- **DATA PROVIDED**:
▶
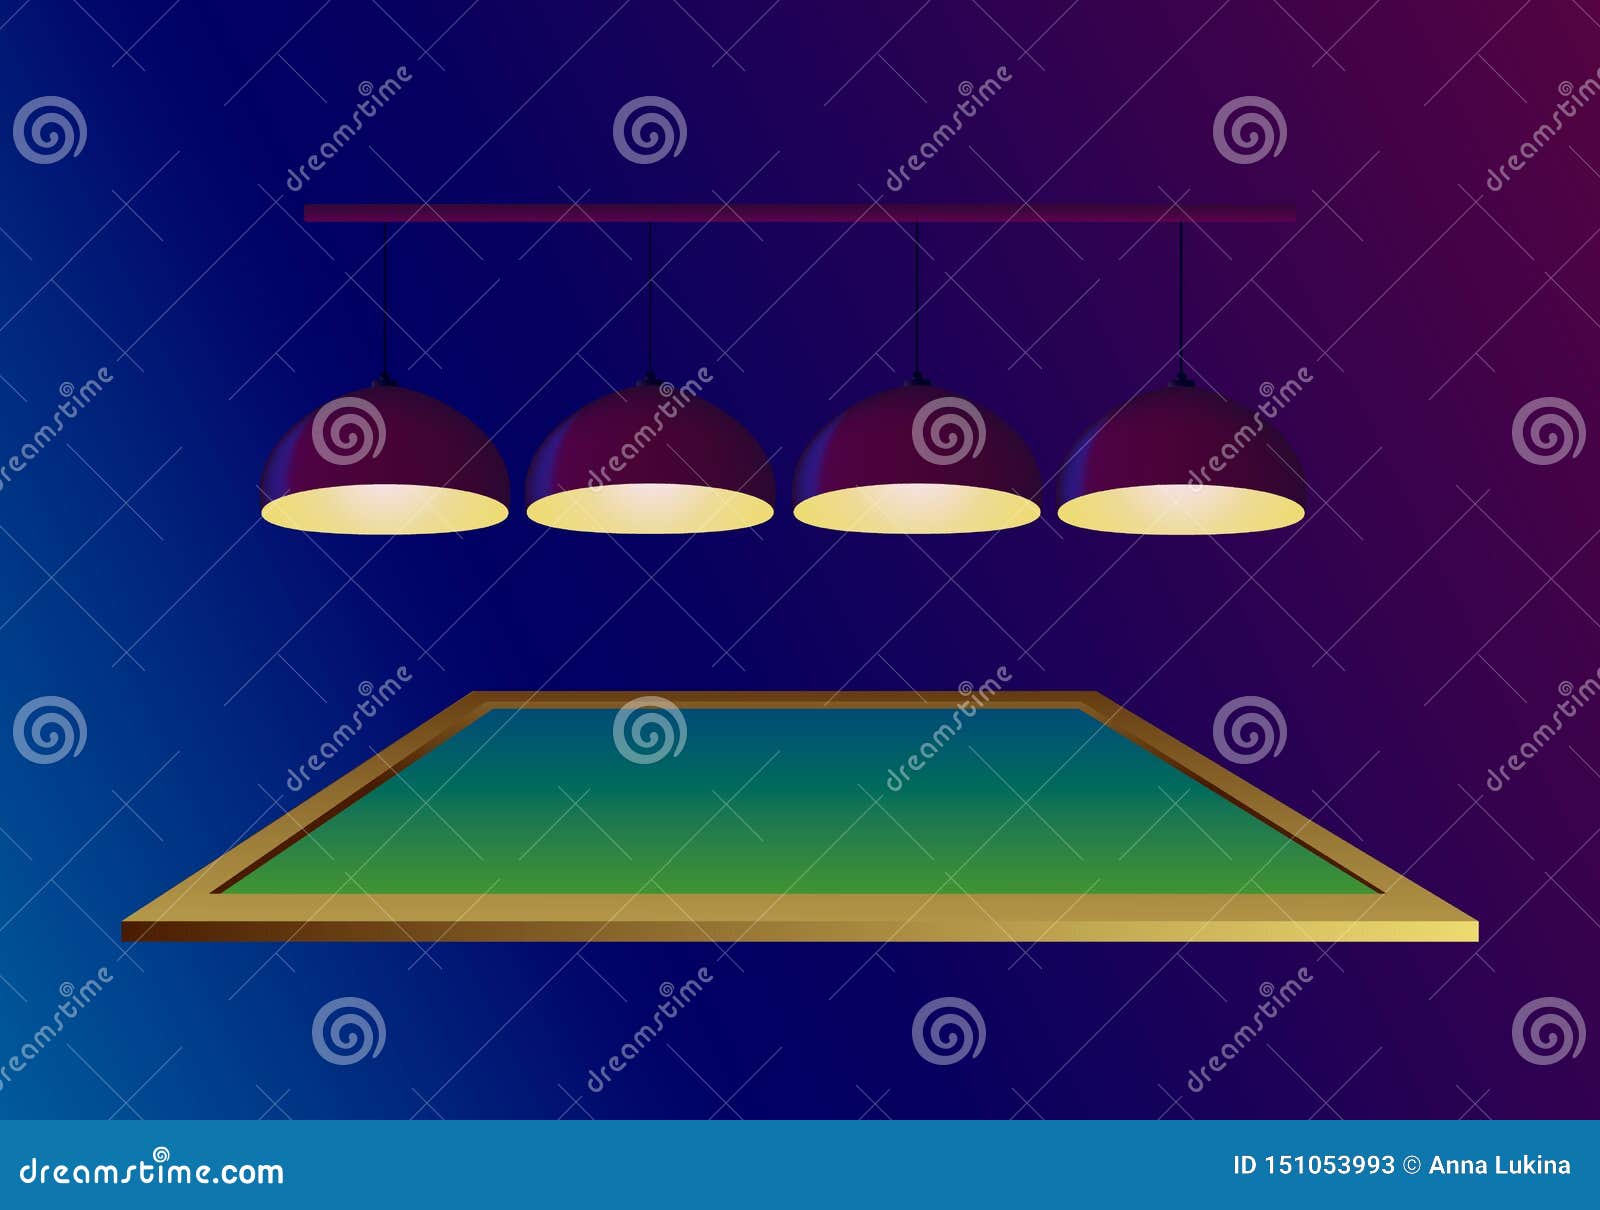 pool billiard table with four illuminating ceiling lamps on dark blue background.   flyer in realistic style.
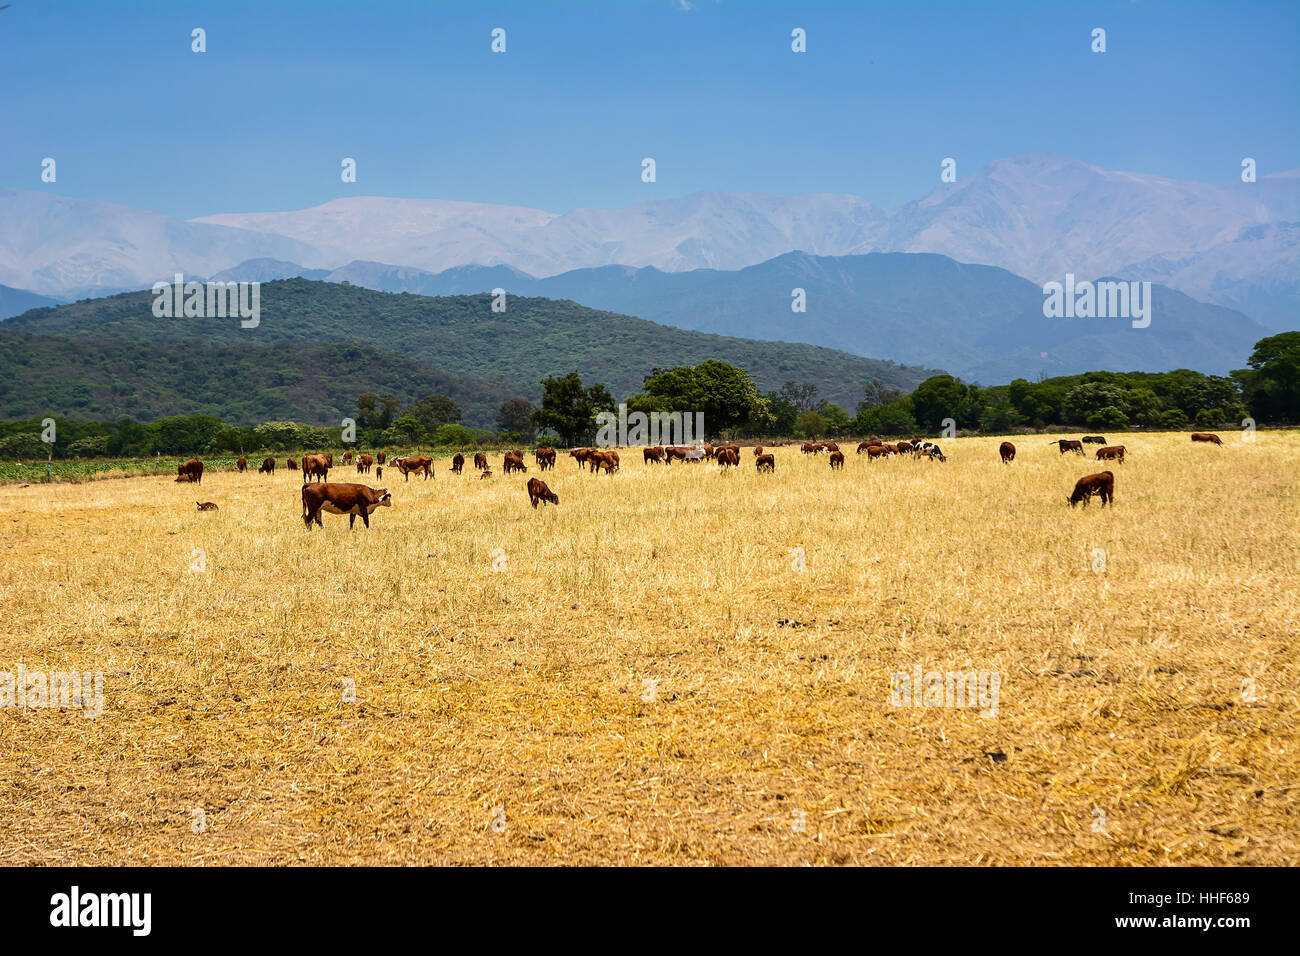 cattle ruminating in the field at the base of the Andes. Stock Photo
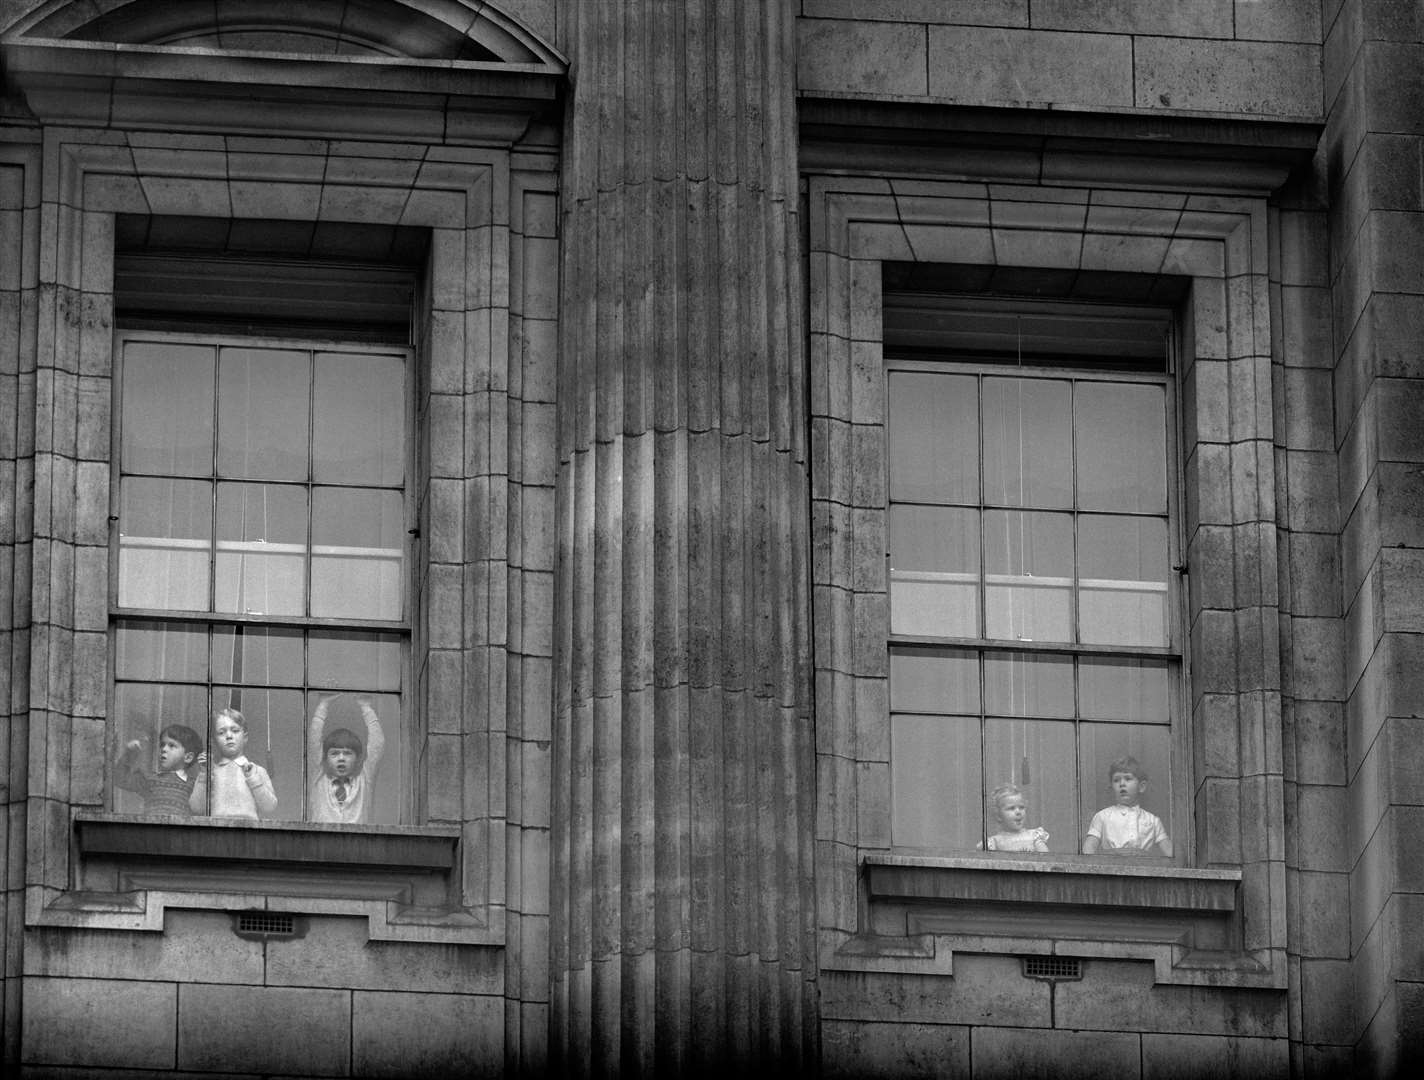 Prince Charles and Princess Anne share a window (far right) after the Queen’s first State Opening of Parliament in 1952 (PA)
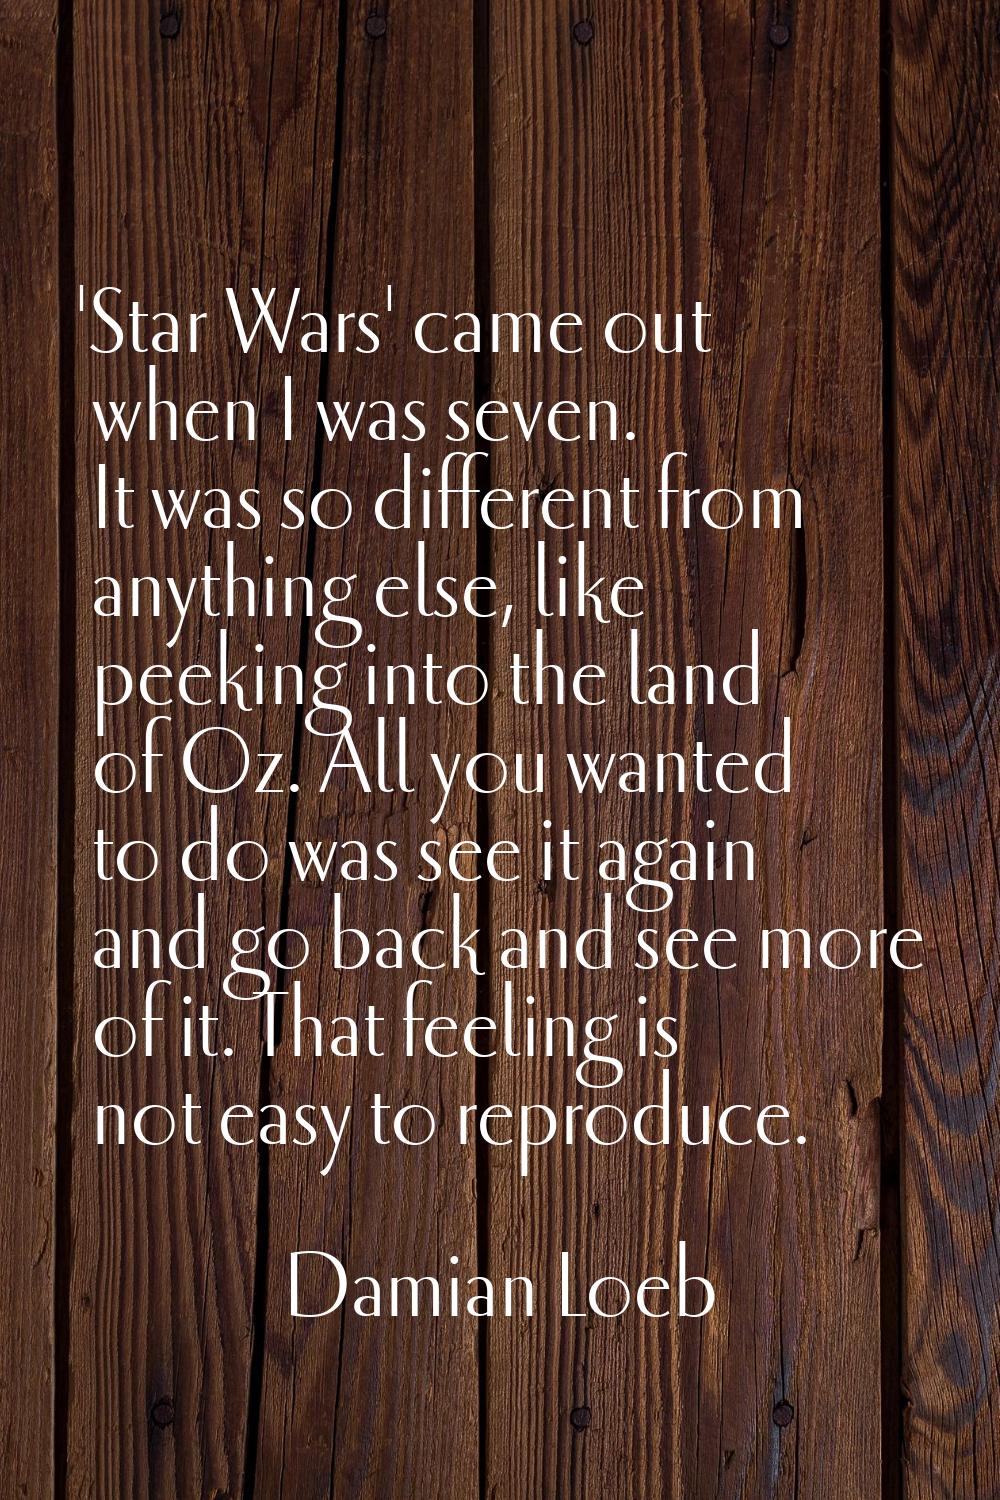 'Star Wars' came out when I was seven. It was so different from anything else, like peeking into th
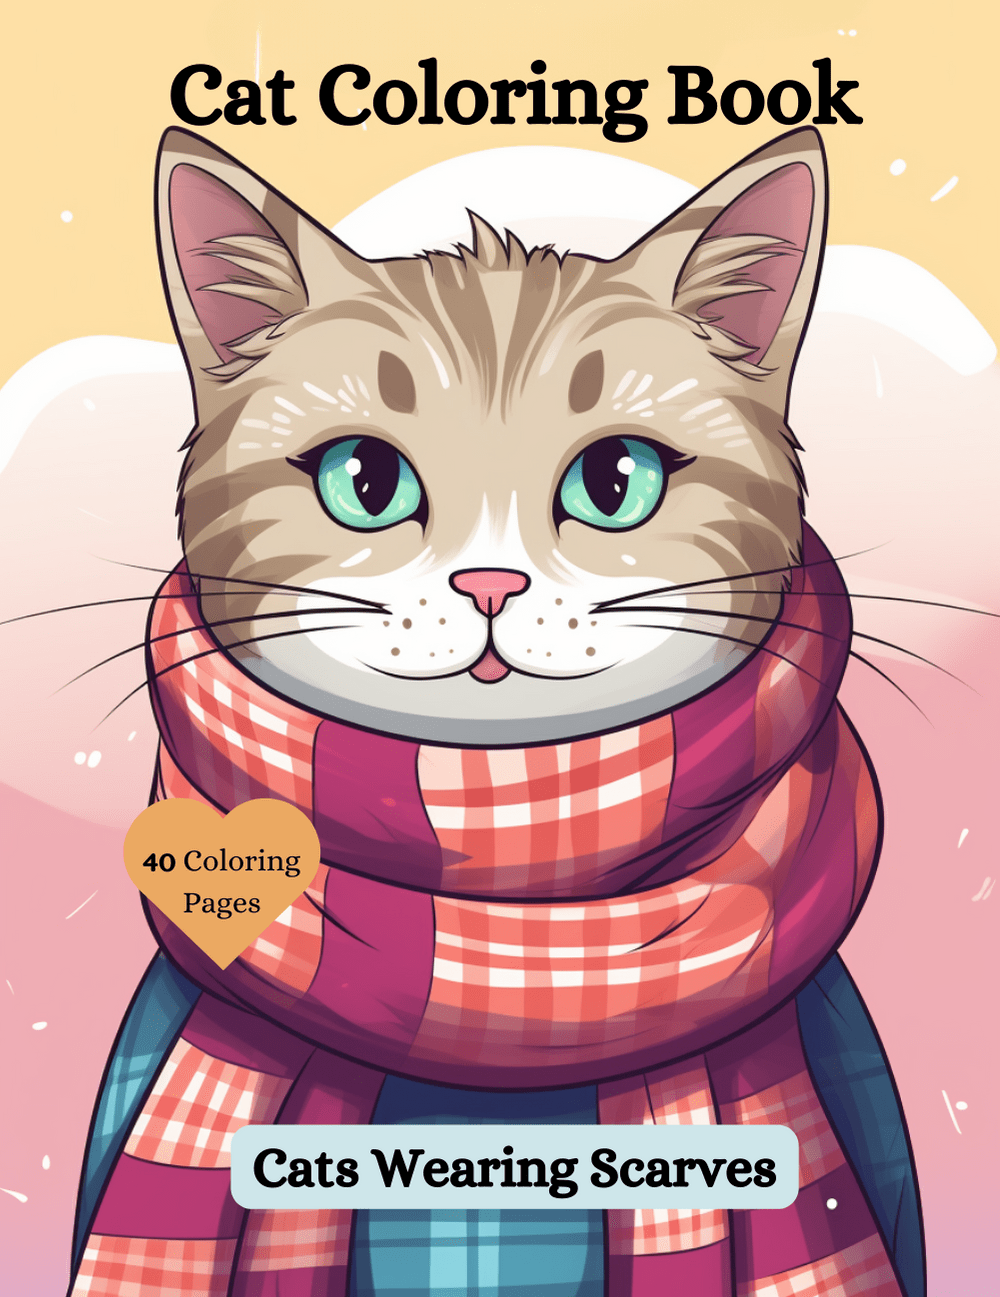 Cat Coloring Book | Cats Wearing Scarves
◀
- **EXERCISE OBJECTIVE**:
Up to and including the line that holds "Prince Charles and", restate word for word each line of the records from their start, and only those lines, leaving out the pictures.

- **RESPONSE**:
 pool billiard table with four illuminating ceiling lamps on dark blue background.   flyer in realistic style.
 cattle ruminating in the field at the base of the Andes. Stock Photo
 Prince Charles and Princess Anne share a window (far right) after the Queen’s first State Opening of Parliament in 1952 (PA)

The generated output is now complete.